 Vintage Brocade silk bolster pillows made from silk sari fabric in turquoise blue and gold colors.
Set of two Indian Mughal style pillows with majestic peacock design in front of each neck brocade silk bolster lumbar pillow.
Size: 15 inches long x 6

--

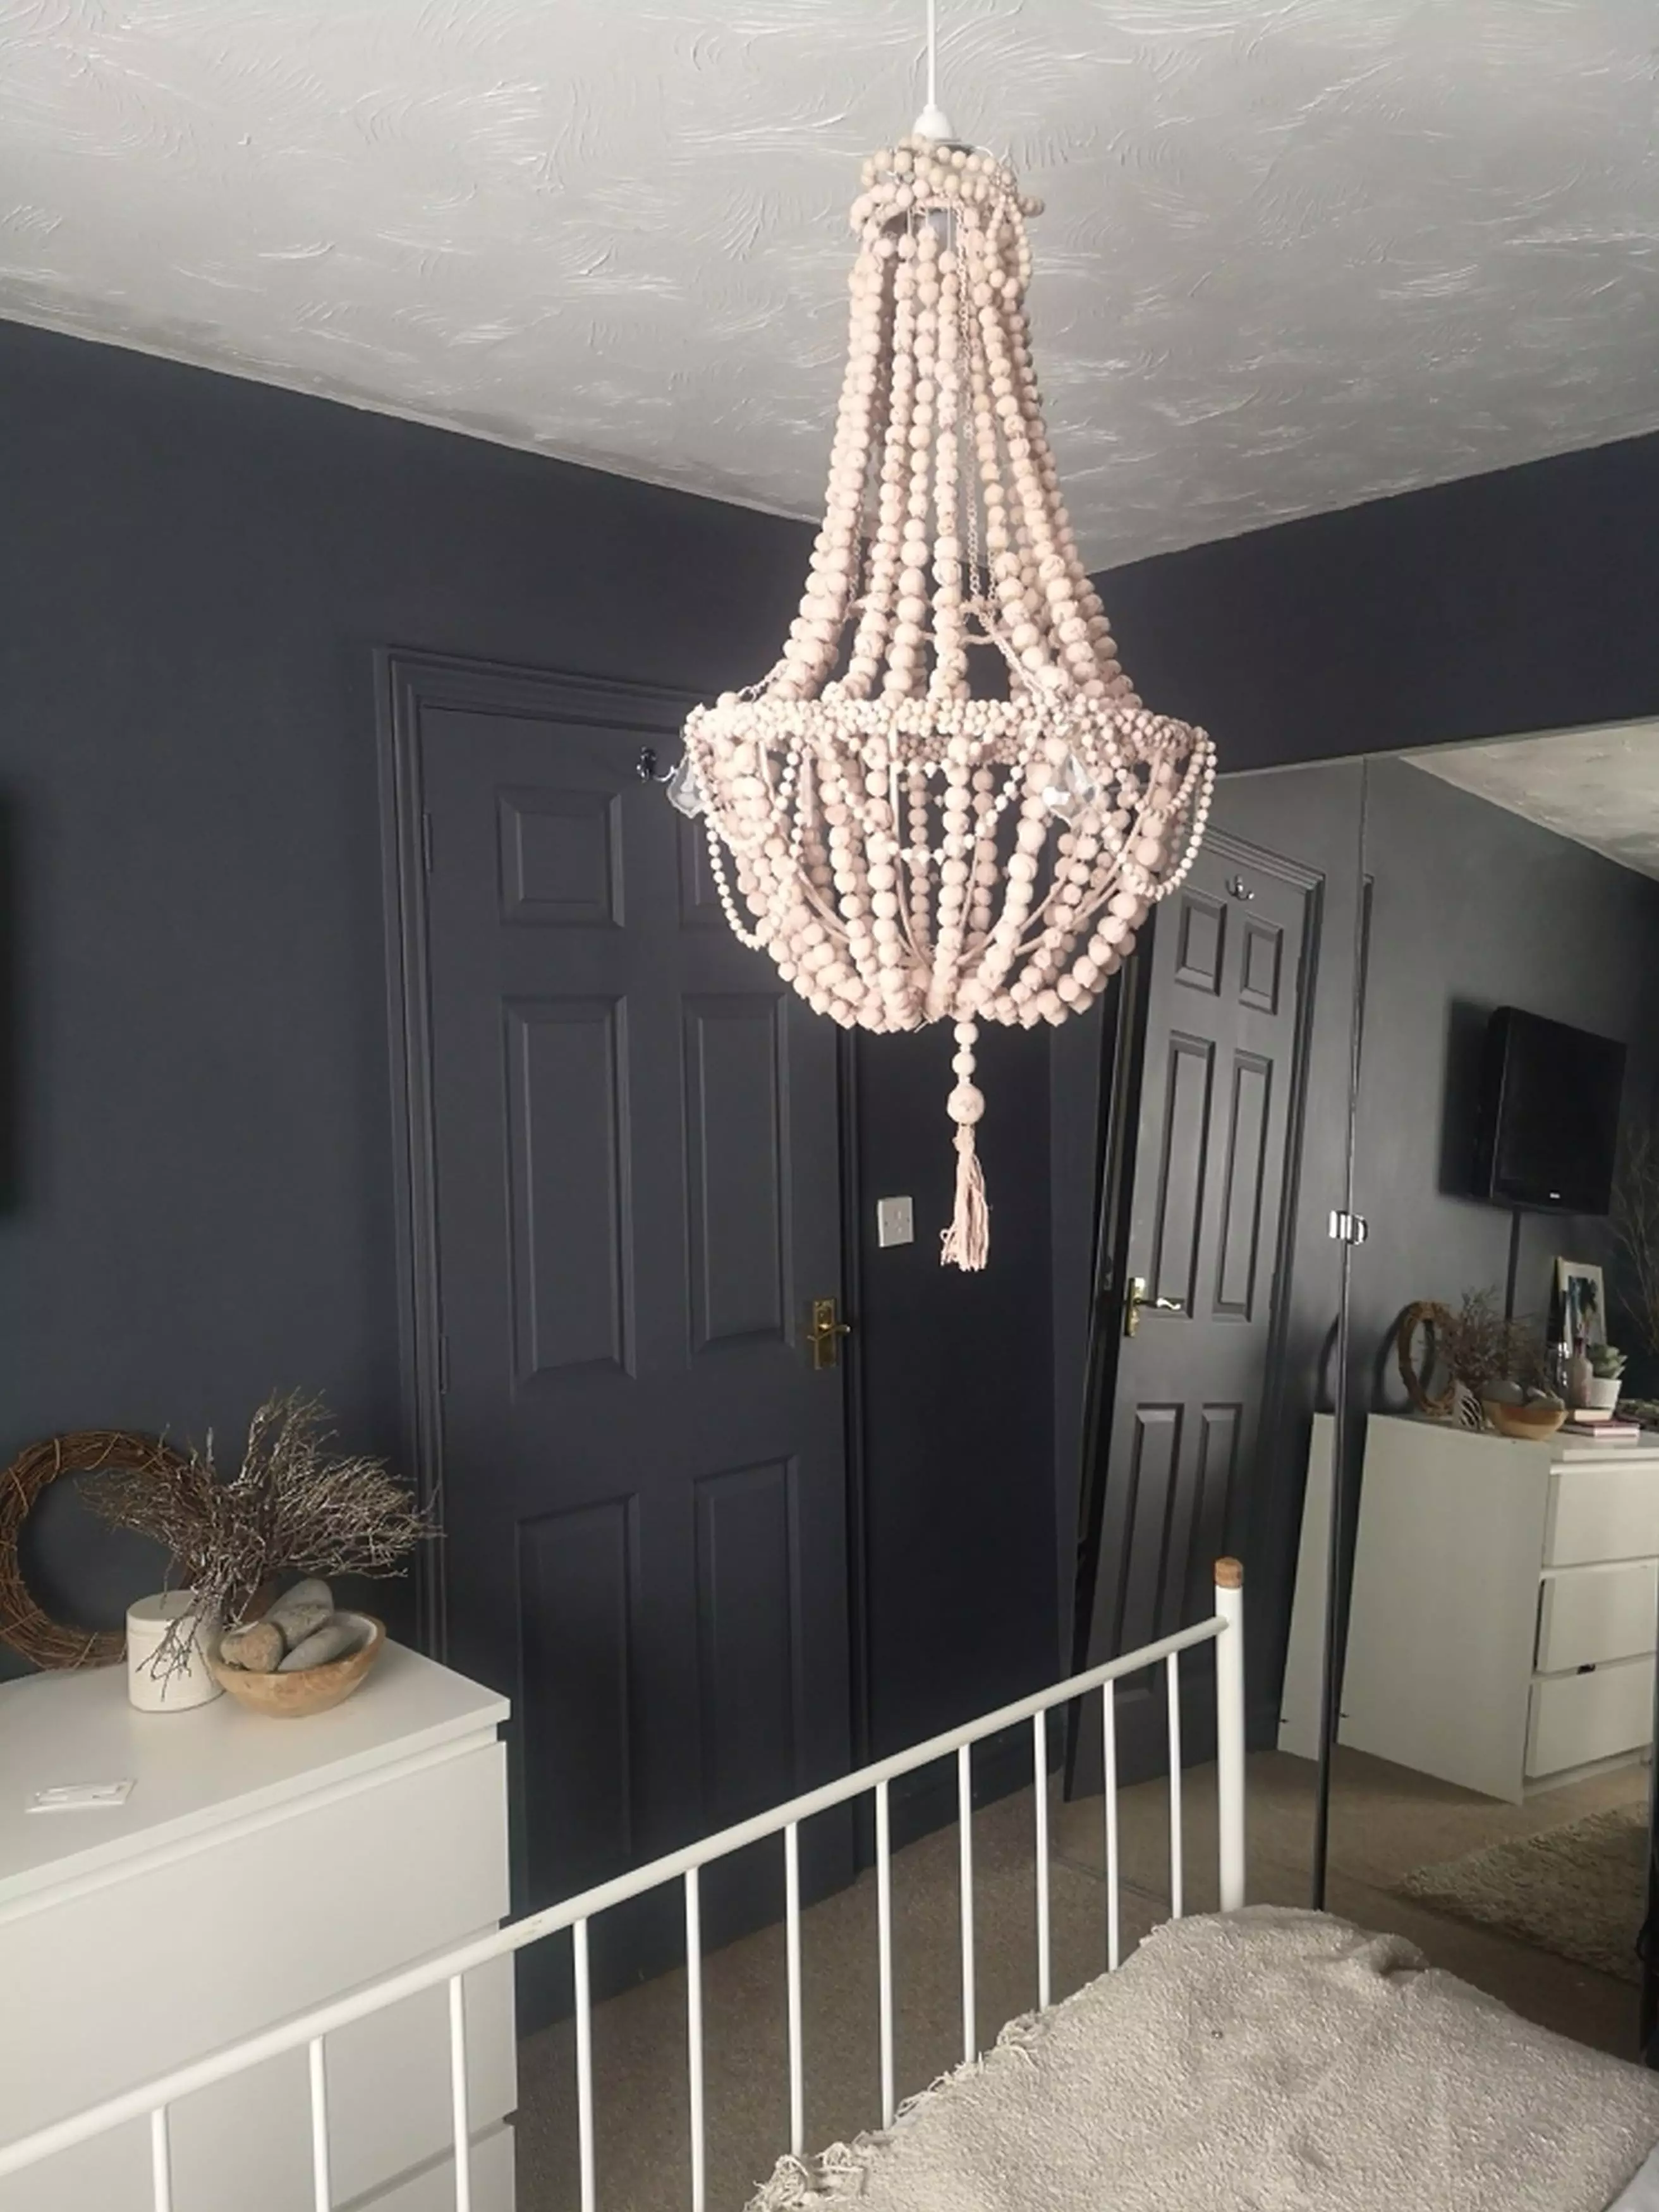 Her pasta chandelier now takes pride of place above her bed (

PROMPT -
Working from the records above, write out verbatim only the lines from the line containing "Vintage Brocade silk" through the line containing "Size: 15 inches long x 6".

RESULT -
 Vintage Brocade silk bolster pillows made from silk sari fabric in turquoise blue and gold colors.
Set of two Indian Mughal style pillows with majestic peacock design in front of each neck brocade silk bolster lumbar pillow.
Size: 15 inches long x 6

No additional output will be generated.